Aristotelis Deligiannidis had already participated in Open one year before, following invitation by the Greek commissioner, Christos Savvidis (ArtBOX.gr). The art work produced on that occasion was later donated to Lido's Public Library. During Open 2010, while the work is still standing at its original location in anticipation of its transfer, the artist is invited back, to revisit the art work (click on the link below for more details on Open 2009).
Aristotelis Deligiannidis’s cross-shaped plexiglas construction/installation bears traces and graphics in black and white. It is still standing, one year later, at the outdoors location where it was initially installed on the occasion of Open 12.

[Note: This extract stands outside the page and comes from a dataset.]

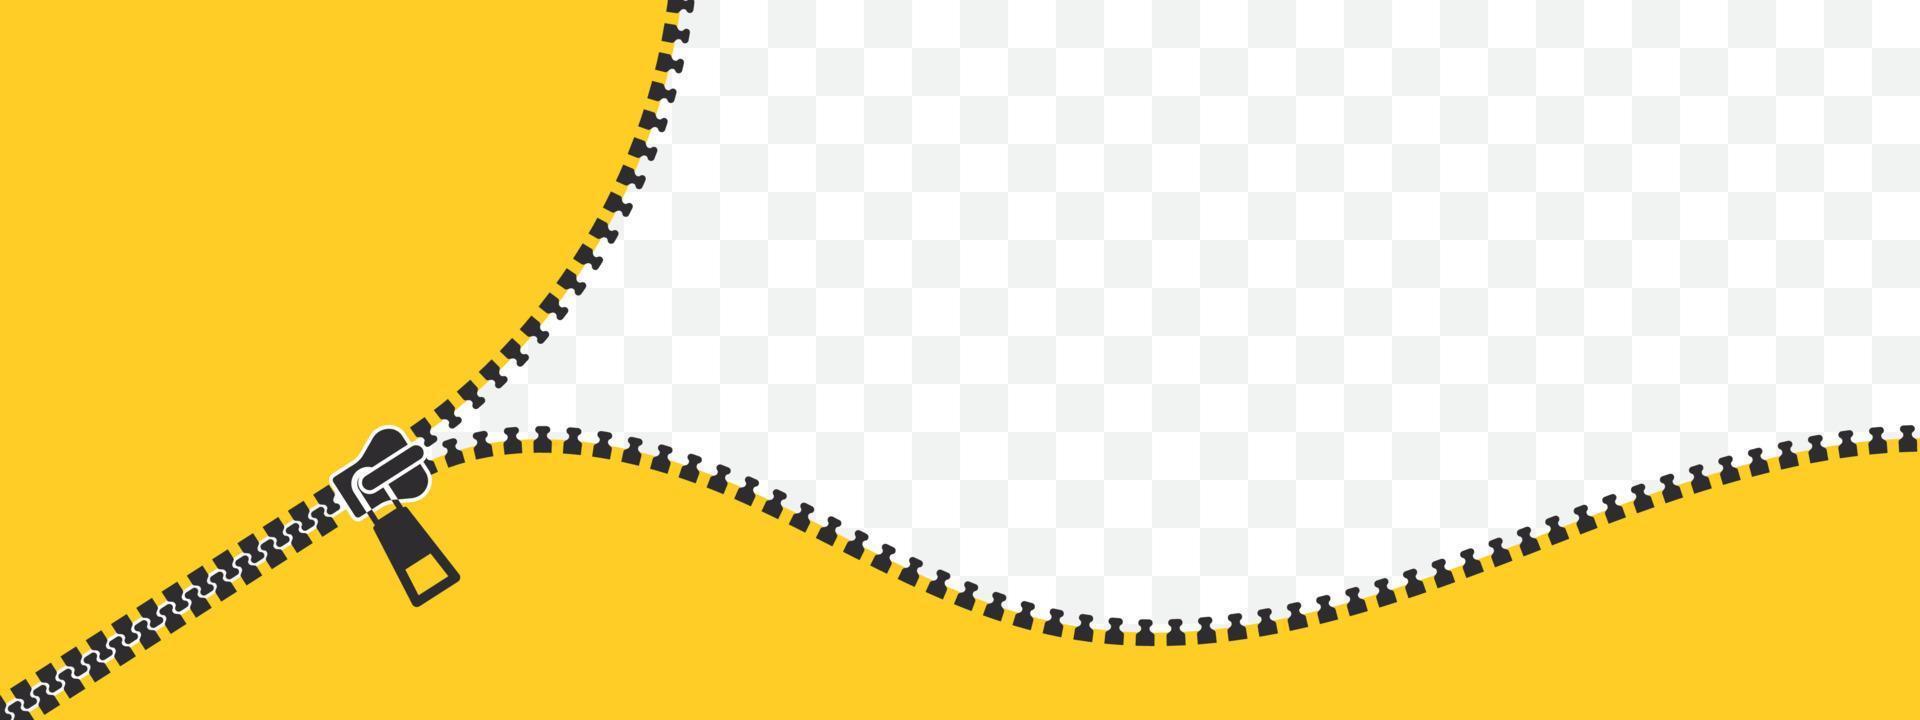 casier zip. fermeture à glissière fermée et ouverte. zip fond jaune. illustration vectorielle vecteur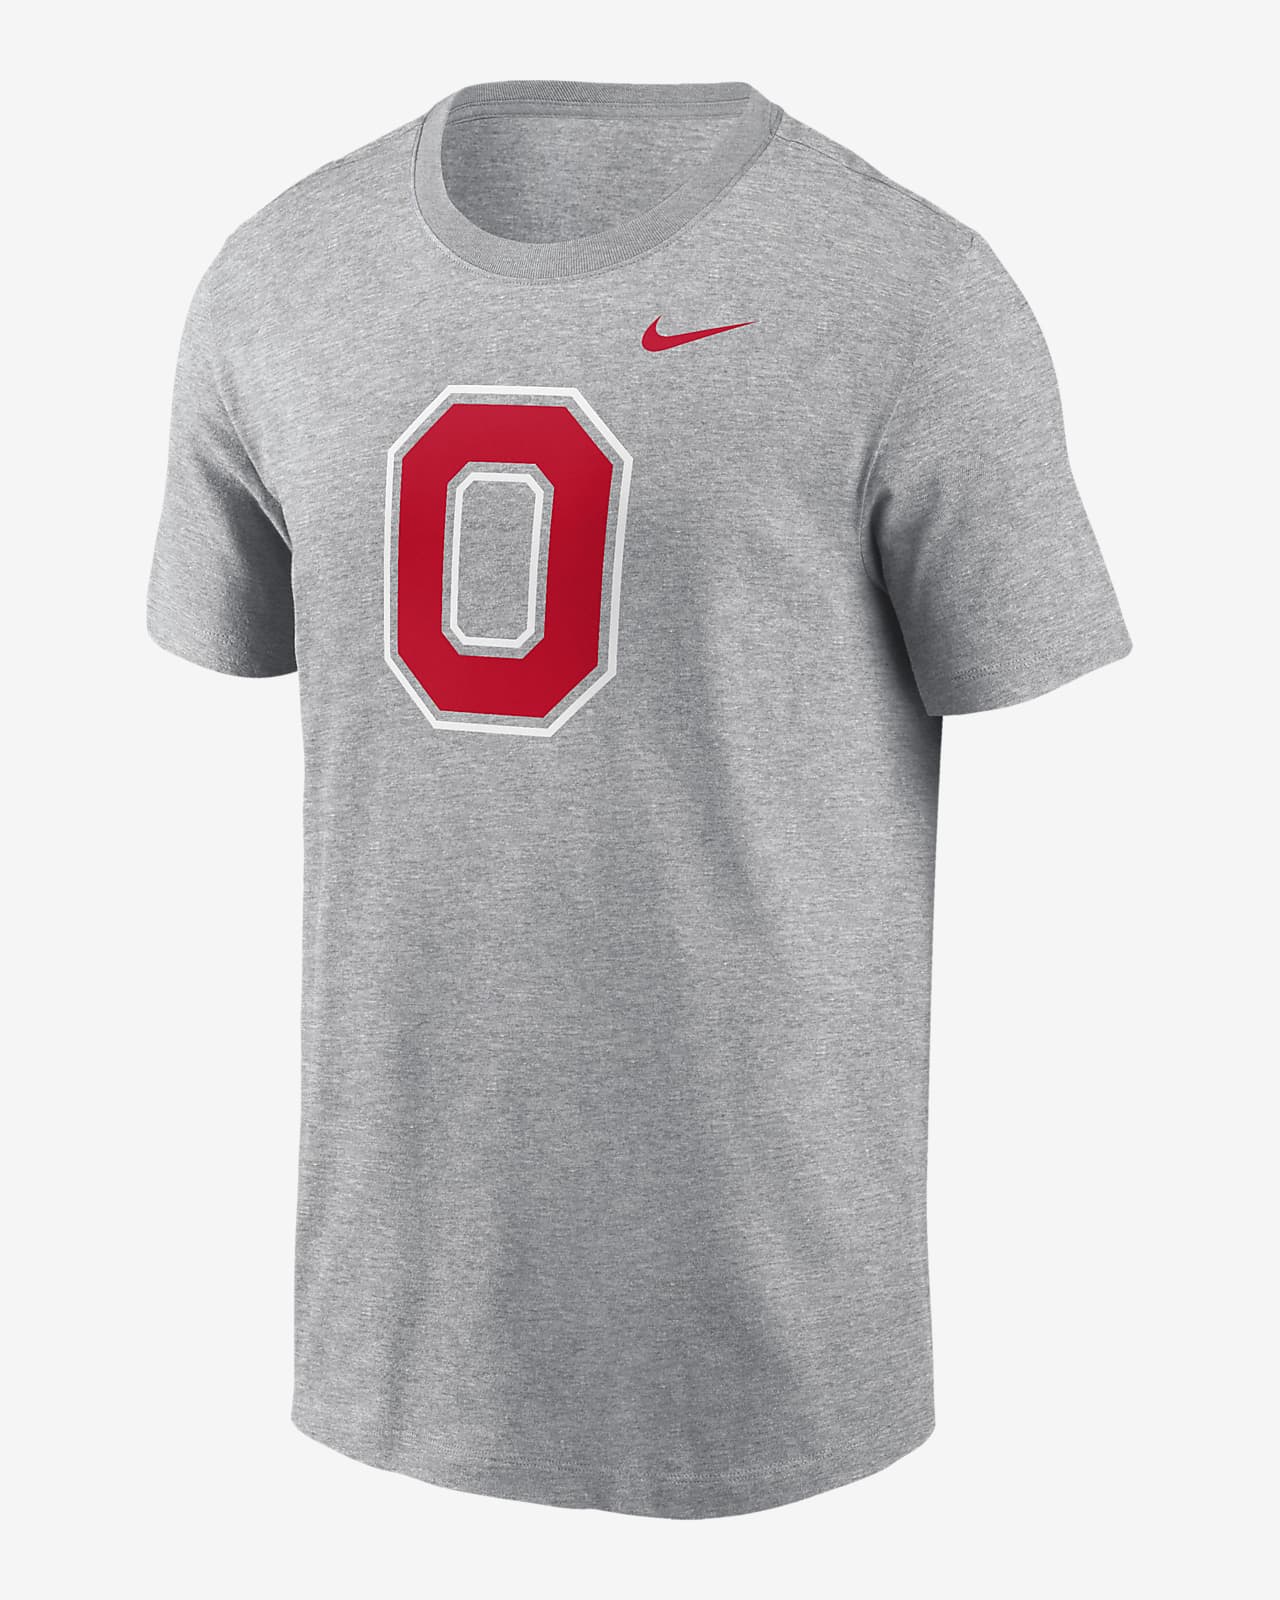 Ohio State Buckeyes Primetime Evergreen Alternate Logo Men's Nike College T-Shirt

Before the work’s transportation and installation at its final location (Lido’s new public library), the artist will rework it, adding colour through his intense painterly gesture. The goal is not to fill in the gaps, the surfaces untouched by the artist’s writing on the transparent material; rather, the artist introduces colour as a new layer upon last year’s non-coloured gestures and to soften their somewhat aggressive quality. The audience is thus lead one step further, towards renewed interpretative connotations or diversions which result from the adding of colour, perceived as a changed sensitivity, or as the alteration of the transparent plexiglas surface into areas less penetrable by one’s gaze. This additional or supplementary action through which the artist retouches and reinvestigates the work, seems to be a kind of explicit and ironic reassertion of the art work’s definitely incomplete quality, constantly doubted by the artist himself. This transformed, enriched construction/installation introduces a new conceptual framework; ultimately, a renewed promise for the understanding and awareness of human activity. It seems as though this is a long ago scheduled meeting, which however bears the freshness and dynamic qualities of a random re-discovery that brings new qualities and new life.